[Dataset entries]
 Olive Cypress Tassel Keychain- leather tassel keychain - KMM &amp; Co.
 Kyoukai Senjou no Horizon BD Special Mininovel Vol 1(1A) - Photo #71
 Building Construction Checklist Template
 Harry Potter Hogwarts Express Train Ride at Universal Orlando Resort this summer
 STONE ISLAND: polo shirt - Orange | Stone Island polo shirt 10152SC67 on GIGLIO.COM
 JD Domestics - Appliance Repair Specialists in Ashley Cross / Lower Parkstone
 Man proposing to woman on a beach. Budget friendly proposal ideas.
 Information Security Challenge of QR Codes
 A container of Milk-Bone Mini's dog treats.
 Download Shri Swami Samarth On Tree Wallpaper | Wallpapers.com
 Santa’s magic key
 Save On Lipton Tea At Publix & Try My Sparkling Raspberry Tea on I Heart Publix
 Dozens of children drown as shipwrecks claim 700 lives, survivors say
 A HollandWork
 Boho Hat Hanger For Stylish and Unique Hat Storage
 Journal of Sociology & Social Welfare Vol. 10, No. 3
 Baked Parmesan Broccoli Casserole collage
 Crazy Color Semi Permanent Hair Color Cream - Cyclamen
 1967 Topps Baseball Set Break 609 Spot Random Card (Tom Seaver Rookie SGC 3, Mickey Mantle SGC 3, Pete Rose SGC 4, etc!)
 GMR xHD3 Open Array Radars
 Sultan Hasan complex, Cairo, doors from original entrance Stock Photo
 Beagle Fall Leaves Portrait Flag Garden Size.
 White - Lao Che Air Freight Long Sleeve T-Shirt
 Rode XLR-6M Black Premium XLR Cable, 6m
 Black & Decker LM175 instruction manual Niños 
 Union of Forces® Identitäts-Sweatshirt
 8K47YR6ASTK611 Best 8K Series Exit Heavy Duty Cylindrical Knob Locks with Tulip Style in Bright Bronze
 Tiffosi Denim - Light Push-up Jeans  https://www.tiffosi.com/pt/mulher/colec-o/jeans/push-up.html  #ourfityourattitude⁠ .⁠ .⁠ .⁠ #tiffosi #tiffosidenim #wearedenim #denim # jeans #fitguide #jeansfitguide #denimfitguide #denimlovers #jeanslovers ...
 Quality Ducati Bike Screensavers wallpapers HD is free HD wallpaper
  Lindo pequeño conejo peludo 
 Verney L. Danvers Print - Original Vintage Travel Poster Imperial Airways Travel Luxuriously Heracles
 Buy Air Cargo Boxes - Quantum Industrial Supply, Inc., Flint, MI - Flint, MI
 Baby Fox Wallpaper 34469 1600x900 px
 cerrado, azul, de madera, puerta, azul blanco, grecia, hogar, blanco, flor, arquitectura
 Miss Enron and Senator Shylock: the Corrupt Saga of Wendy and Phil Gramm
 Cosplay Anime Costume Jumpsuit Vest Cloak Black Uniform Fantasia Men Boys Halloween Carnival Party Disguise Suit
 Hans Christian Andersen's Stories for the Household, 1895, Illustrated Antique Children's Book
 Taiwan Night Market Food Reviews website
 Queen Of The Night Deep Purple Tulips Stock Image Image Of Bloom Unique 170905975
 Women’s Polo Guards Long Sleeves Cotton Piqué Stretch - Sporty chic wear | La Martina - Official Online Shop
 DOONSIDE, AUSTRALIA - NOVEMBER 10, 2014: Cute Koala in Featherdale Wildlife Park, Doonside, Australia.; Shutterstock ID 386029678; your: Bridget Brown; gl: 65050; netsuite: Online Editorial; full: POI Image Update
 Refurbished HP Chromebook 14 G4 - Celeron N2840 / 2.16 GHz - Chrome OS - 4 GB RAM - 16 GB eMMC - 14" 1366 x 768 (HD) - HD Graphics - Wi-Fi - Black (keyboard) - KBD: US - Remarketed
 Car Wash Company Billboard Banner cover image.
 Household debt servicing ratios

§ Action item: Between the first line of the entries above and the line with "8K47YR6ASTK611 Best 8K", both included, copy every line exactly and nothing outside that range.

§ Response to this exercise:
 Olive Cypress Tassel Keychain- leather tassel keychain - KMM &amp; Co.
 Kyoukai Senjou no Horizon BD Special Mininovel Vol 1(1A) - Photo #71
 Building Construction Checklist Template
 Harry Potter Hogwarts Express Train Ride at Universal Orlando Resort this summer
 STONE ISLAND: polo shirt - Orange | Stone Island polo shirt 10152SC67 on GIGLIO.COM
 JD Domestics - Appliance Repair Specialists in Ashley Cross / Lower Parkstone
 Man proposing to woman on a beach. Budget friendly proposal ideas.
 Information Security Challenge of QR Codes
 A container of Milk-Bone Mini's dog treats.
 Download Shri Swami Samarth On Tree Wallpaper | Wallpapers.com
 Santa’s magic key
 Save On Lipton Tea At Publix & Try My Sparkling Raspberry Tea on I Heart Publix
 Dozens of children drown as shipwrecks claim 700 lives, survivors say
 A HollandWork
 Boho Hat Hanger For Stylish and Unique Hat Storage
 Journal of Sociology & Social Welfare Vol. 10, No. 3
 Baked Parmesan Broccoli Casserole collage
 Crazy Color Semi Permanent Hair Color Cream - Cyclamen
 1967 Topps Baseball Set Break 609 Spot Random Card (Tom Seaver Rookie SGC 3, Mickey Mantle SGC 3, Pete Rose SGC 4, etc!)
 GMR xHD3 Open Array Radars
 Sultan Hasan complex, Cairo, doors from original entrance Stock Photo
 Beagle Fall Leaves Portrait Flag Garden Size.
 White - Lao Che Air Freight Long Sleeve T-Shirt
 Rode XLR-6M Black Premium XLR Cable, 6m
 Black & Decker LM175 instruction manual Niños 
 Union of Forces® Identitäts-Sweatshirt
 8K47YR6ASTK611 Best 8K Series Exit Heavy Duty Cylindrical Knob Locks with Tulip Style in Bright Bronze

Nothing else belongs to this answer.